Github App Repo: Whisper - StableDiffusion locally run

Hey all

I wanted to share with our community a technical summary blog post and github repo for a Unity app with locally run AI models that I hope may help some.

I am beginner and avid learner of AI, and paired with Unity and Sentis it’s a ton of fun ! But my learning experience with this tech was initially slow when I faced new concepts + beta software.

I found that fully-working examples using other AI libraries in Unity combined with tensorflow/etc documentation, helped me understand how these AI models are supposed work and implemented.

In particular I found that microsoft’s onnxruntime library examples on the internet/repos gave me a lot clarity to implement these in Unity and got fast results.

The Unity prototype app (nicknamed Talkomic - as in Chat and create a Comic of images) implements locally-run whisper model and stable diffusion algorithm in u-net architecture on microsoft’s onnxruntime libraries.

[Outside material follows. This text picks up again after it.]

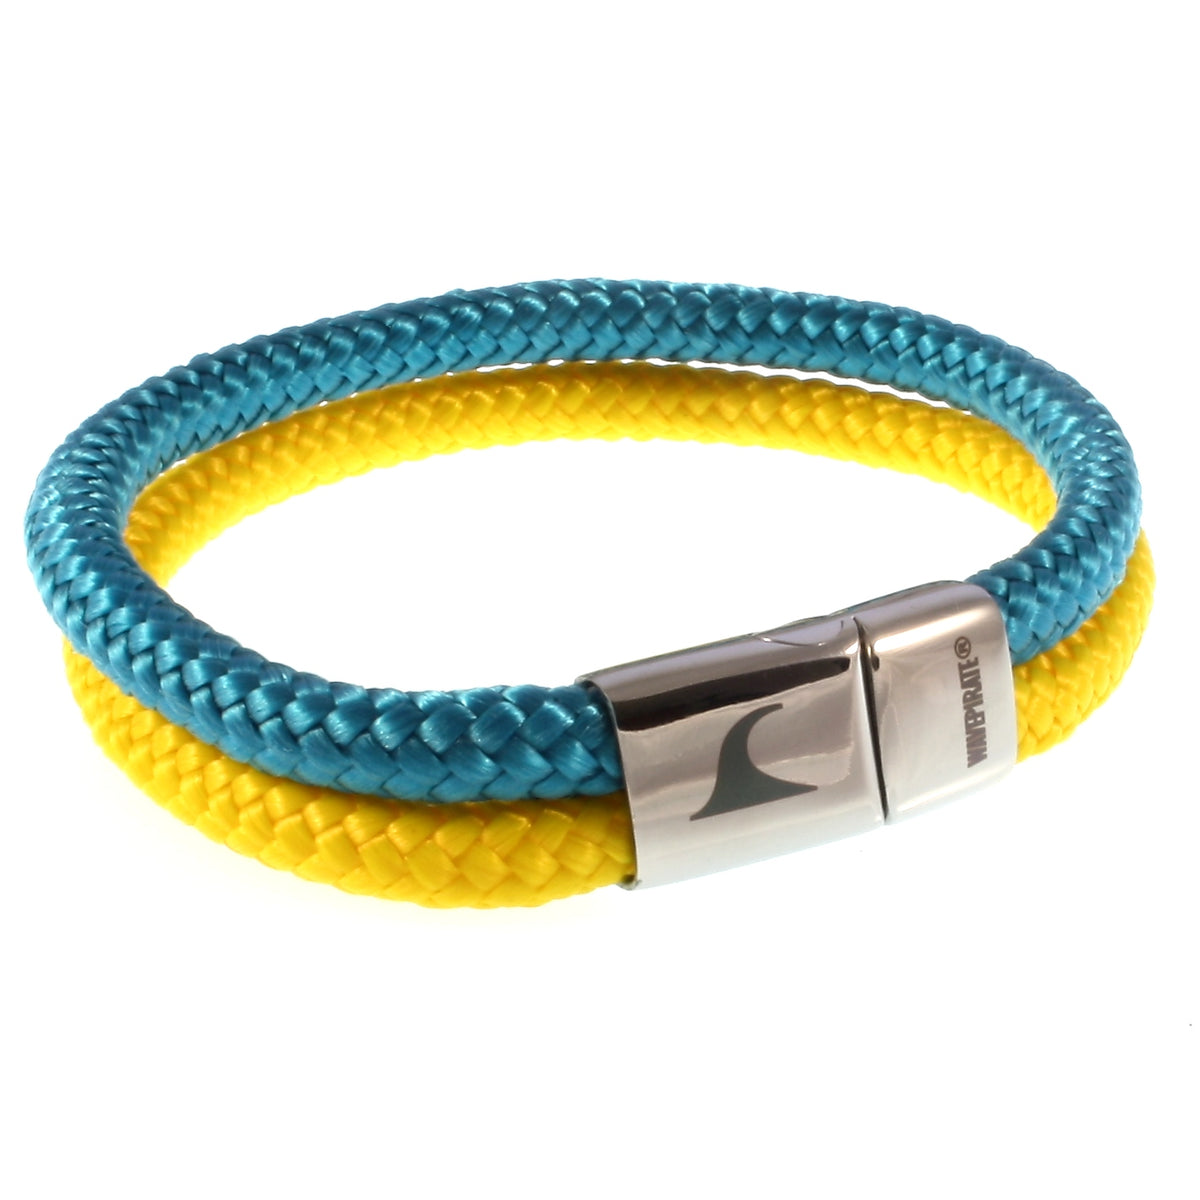 Herren-Segeltau-Armband-Tarifa-blau-gelb-geflochten-Edelstahlverschluss-vorn-wavepirate-shop-st

The trio of AI models running on Unity transcribe a podcast audio file to text and generate contexual images closely tied to the transcribed text.

You can find more information here:


Thanks for sharing with the community, this is very interesting :slightly_smiling_face:

1 Like

Very interesting that they got it to work, even though it’s Editor only for now

1 Like

From the repo I see dependencies on Microsoft.ML.OnnxRuntime* but not on Sentis, did you end up using it for this project?

Hey @WendelinReich1 the github repo posted is 100% onnxruntime implementation. I tried to explain my approach to learn/implement Sentis in Unity, which may be a helpful to others who are also beginners: working projects implemented in Unity in other libraries (onnxruntime) have provided me a wealth of guidance to understand how to implement Sentis in Unity.

Yes, in a separate project I successfully run Sentis as proof of concept. However I patched the bits that didn’t work with Sentis with onnxruntime. I reported these on this forum and Unity. In particular:

  • Unet, text encoder, vae decoder models make use of the Sentis library

  • Whisper-tiny and the cliptokenizer models use onnxruntime. This is because currently Sentis doesn’t support string tensor, which is the input type for cliptokenizer and output type for whisper. Unfortunately I don’t have the time to implement this in c# as kindly suggested by @alexandreribard_unity

  • errors are reported in Unity for some onnx models unless these are stored in the Streaming assets folder

Hope that helps you

1 Like

Totally, thanks for the detailed answer!

The thing we’re all asking ourselves (I guess) is what kind of performance improvement we can get by using Sentis in such situations realistically, but that’s probably too early to answer.


could you detail what do you mean by this?

Hi @alexandreribard_unity absolutely, you may have actually seen this document, I sent it over 3 weeks ago. To avoid duplication may I suggest @Bill_Cullen shares both the sentis-unity project and the pdf document outlining blockers and issues?

As always I remain available to clarify anything further, though I may be slow to respond as I will be travelling for the next 10 days.

Have a great weekend!

1 Like

Hey @WendelinReich1 I’ve tested a build on Windows 11 and it works fine :+1:

I’ve opened a branch for the prototype to also build and deploy, it’s work in progress, but I’ll take me sometime as I won’t be around for a few.



Yes, your document was reviewed the same day and is known internally as issues 108, 109, and 110. Thank you very much for your time and effort :slightly_smiling_face:

1 Like